=== DATA PROVIDED ===

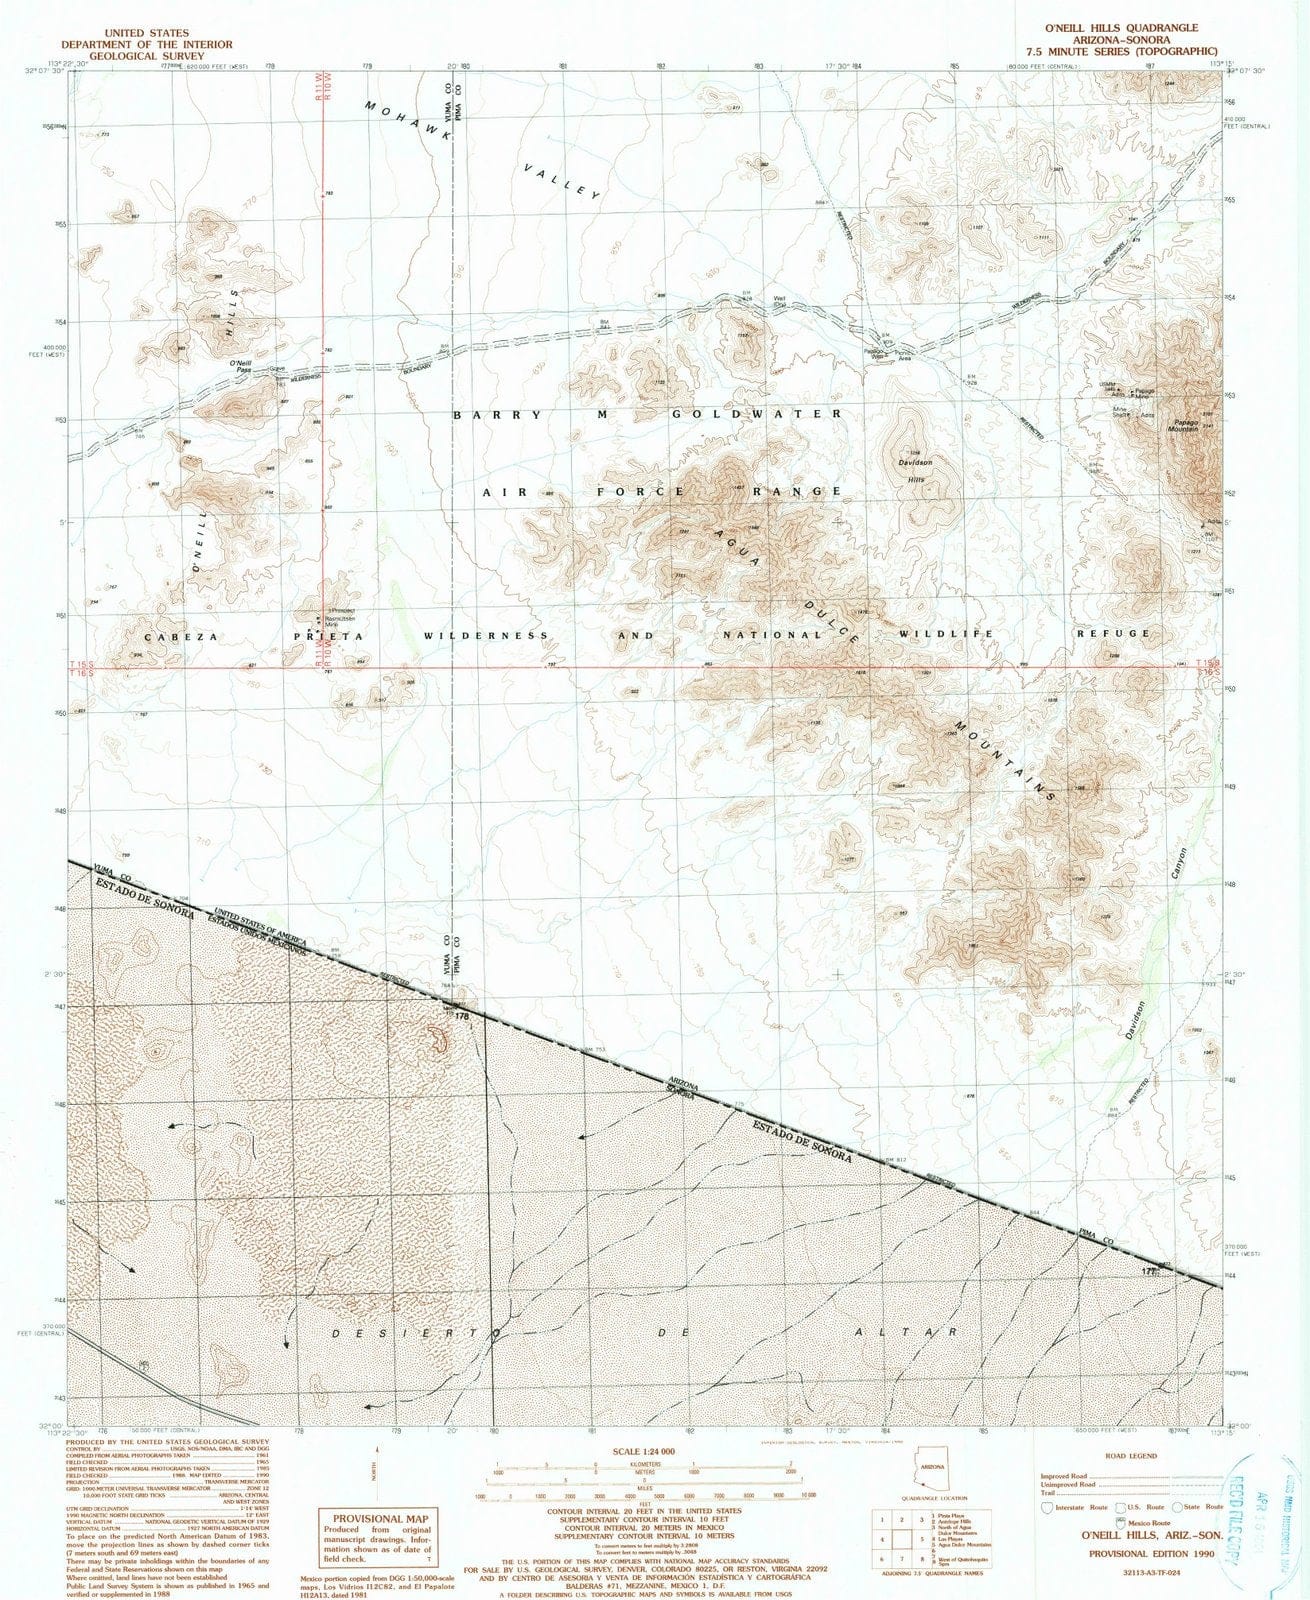 1990 O'Neill Hills, AZ - Arizona - USGS Topographic Map
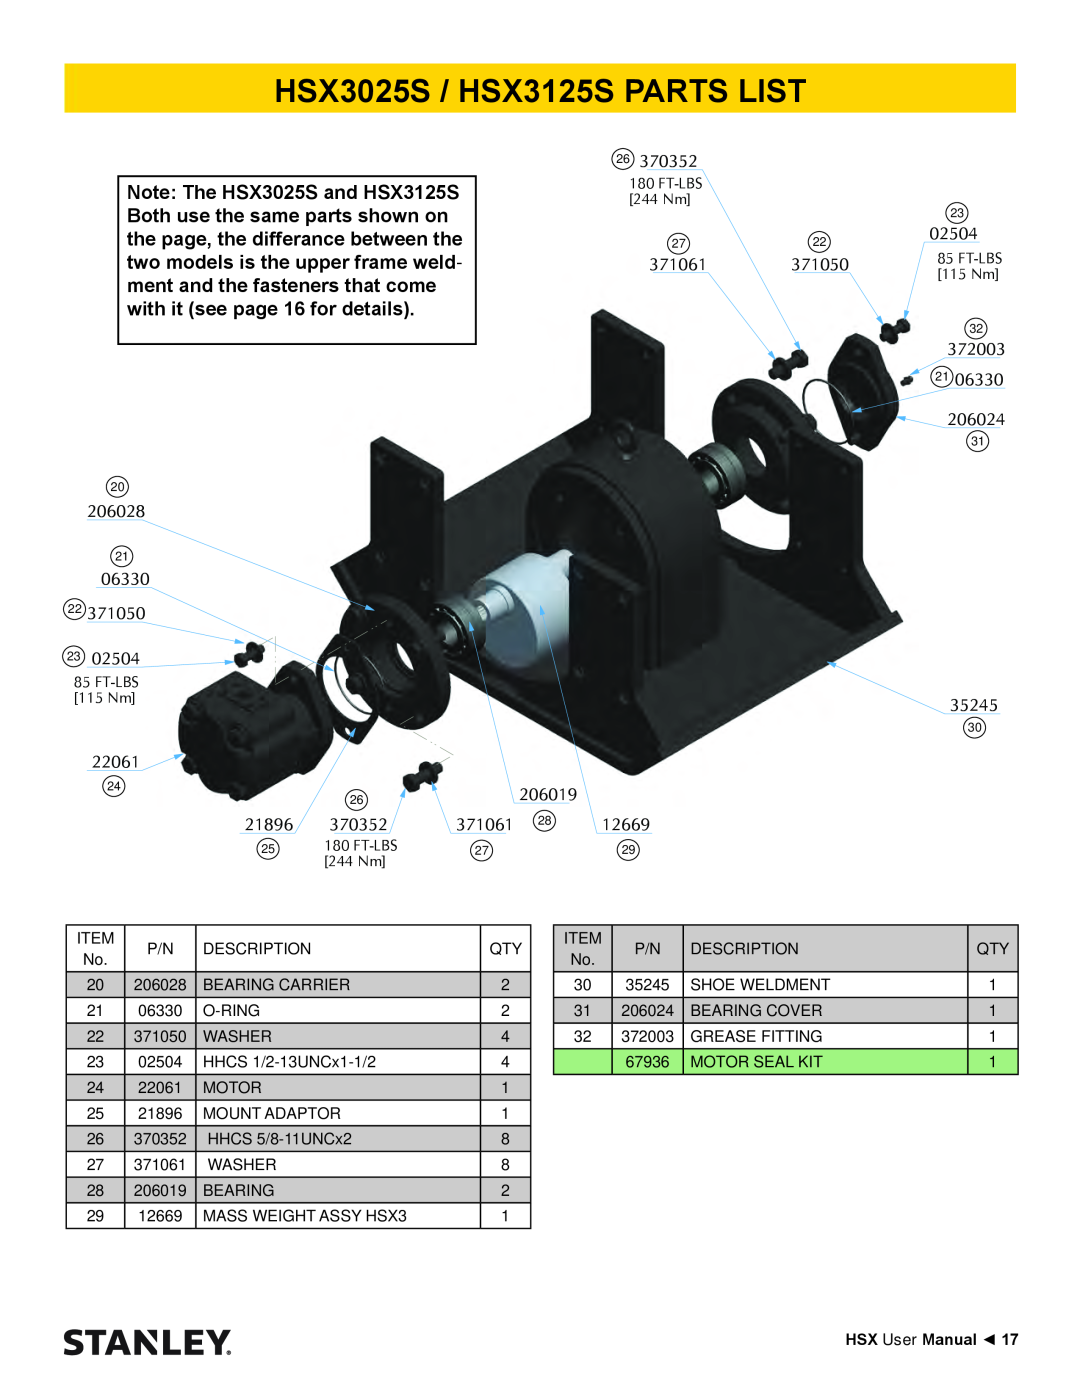 Stanley Black & Decker HSX SERIES user manual HSX3025S / HSX3125S PARTS LIST, Ft-Lbs 
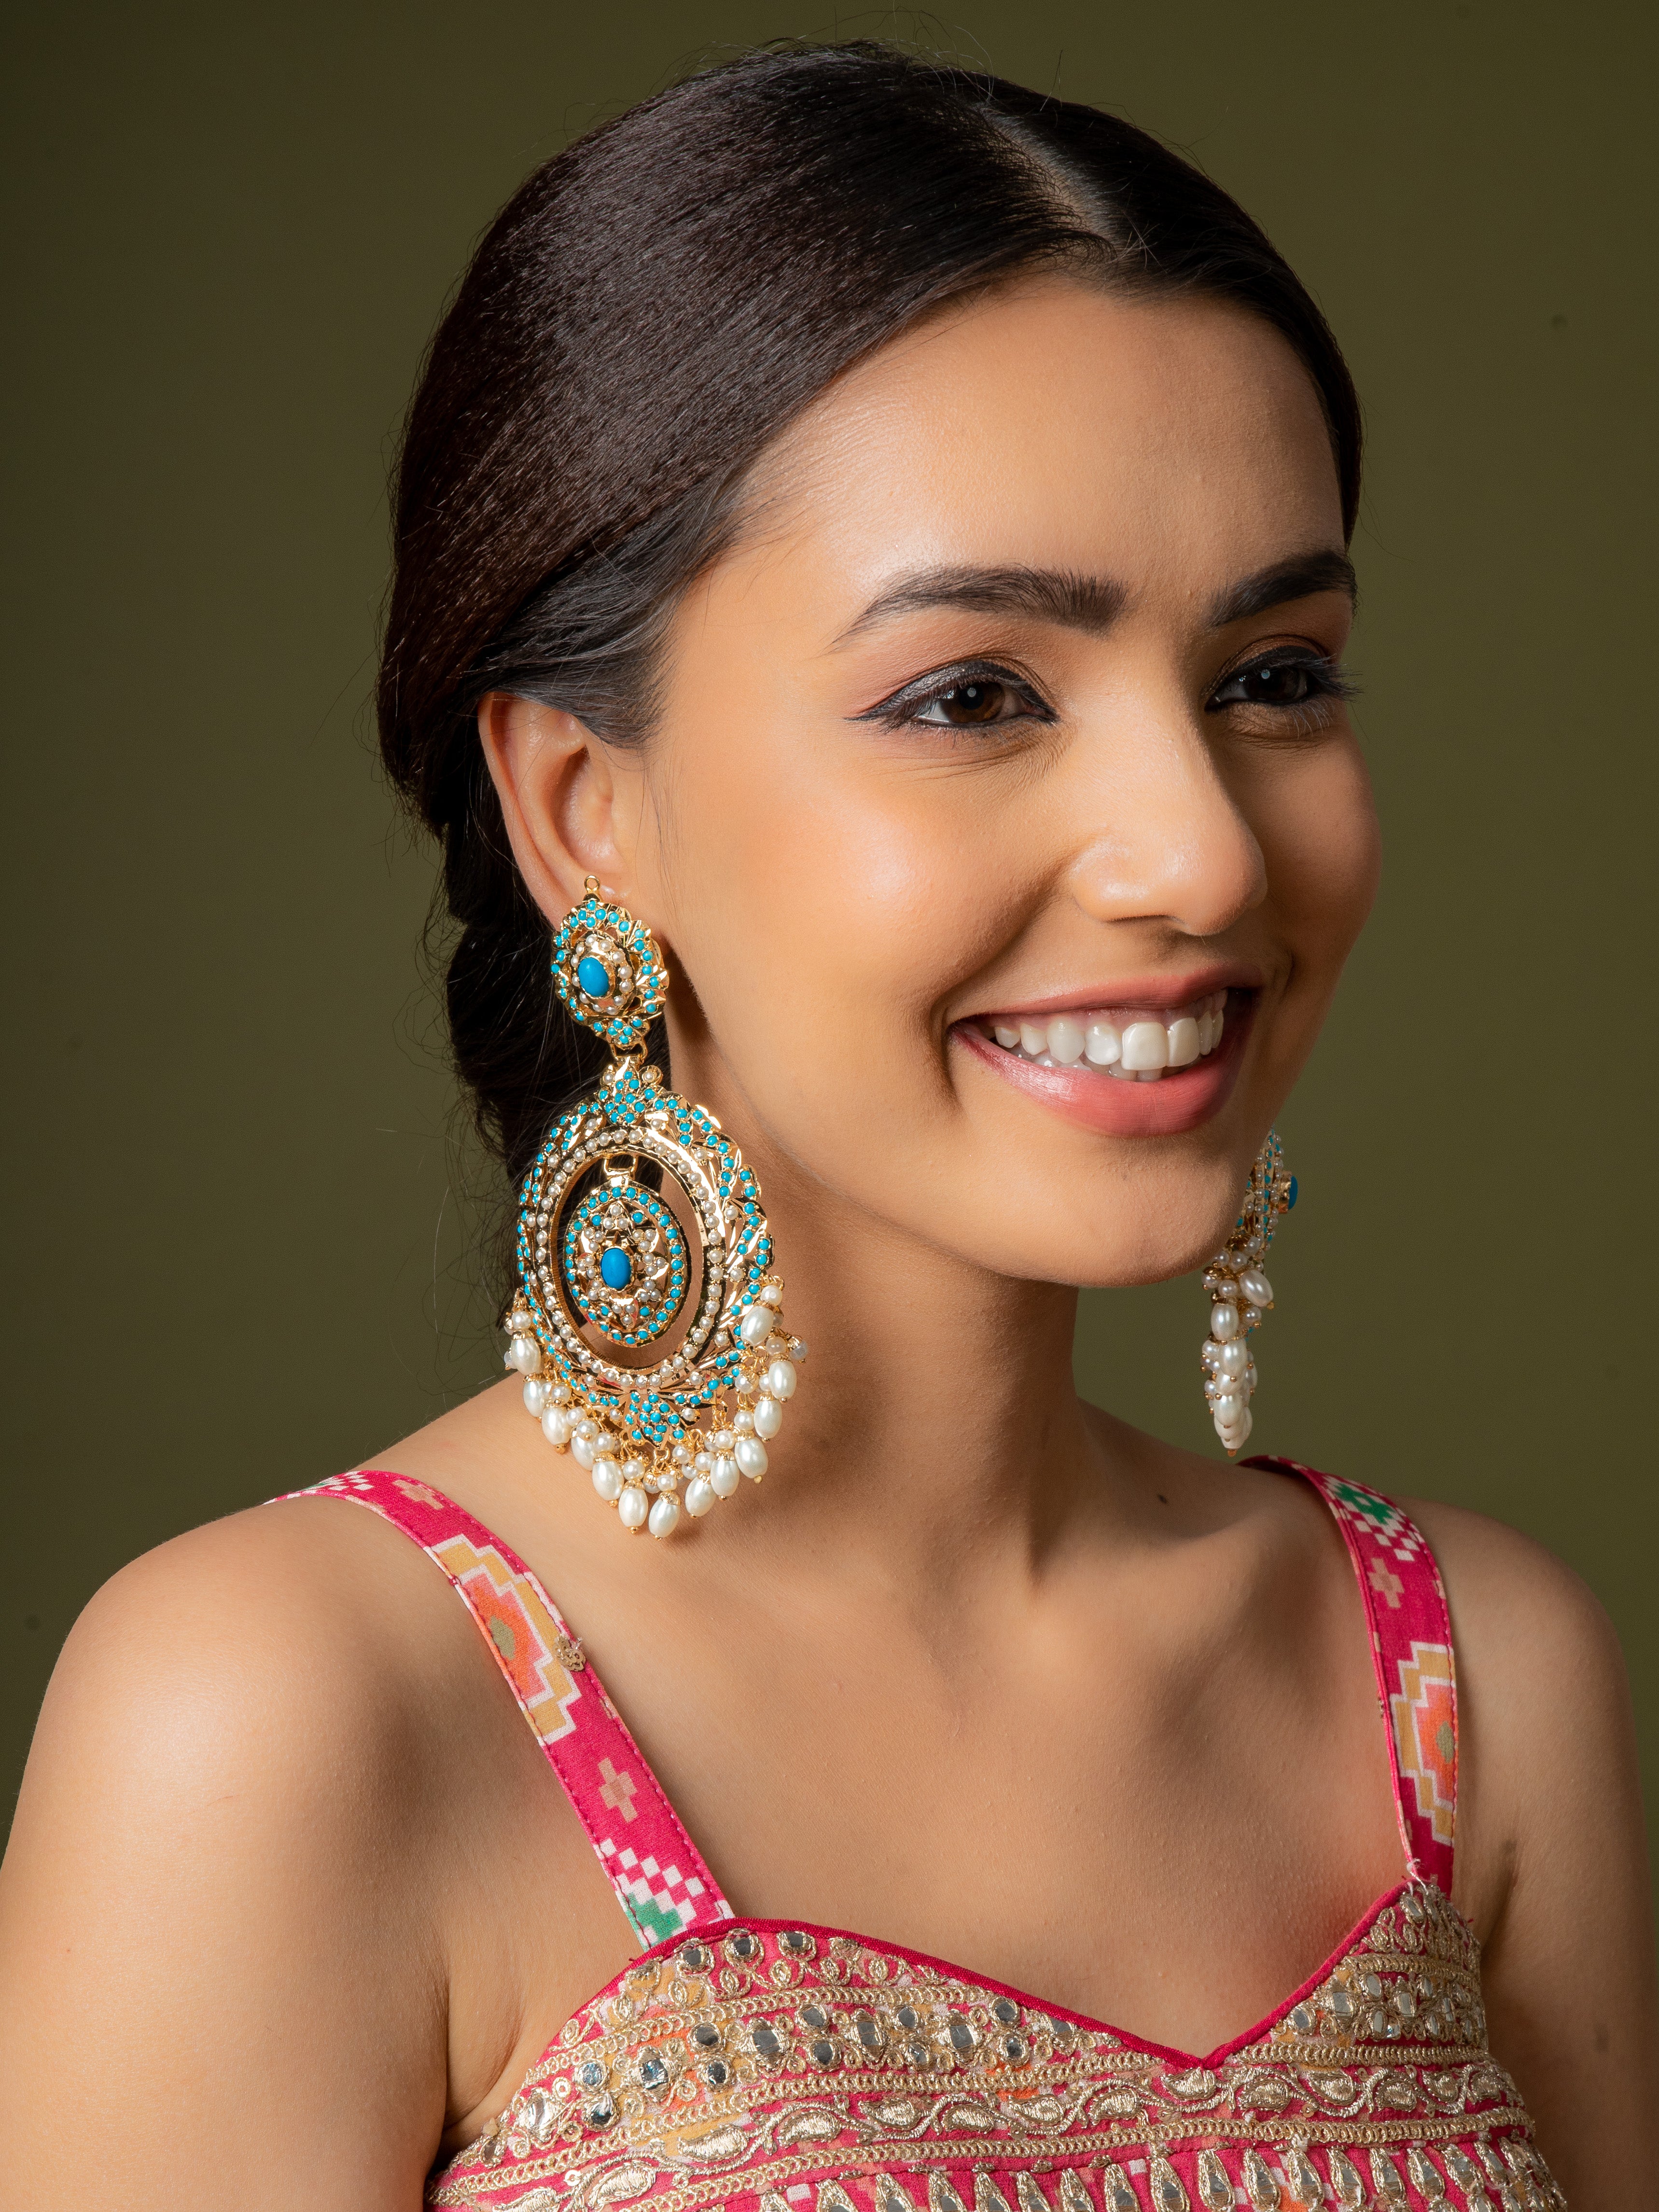 Prisha Jadau Chaandbali Earrings - QUEENS JEWELS

===

● PROBLEM TO SOLVE: Once the line containing "Stanley Black &" has been found, write out exactly that line and each one after it through the end of the data, leaving out every picture.

● TASK RESULT:
 Stanley Black & Decker HSX SERIES user manual HSX3025S / HSX3125S PARTS LIST, Ft-Lbs 
 Prisha Jadau Chaandbali Earrings - QUEENS JEWELS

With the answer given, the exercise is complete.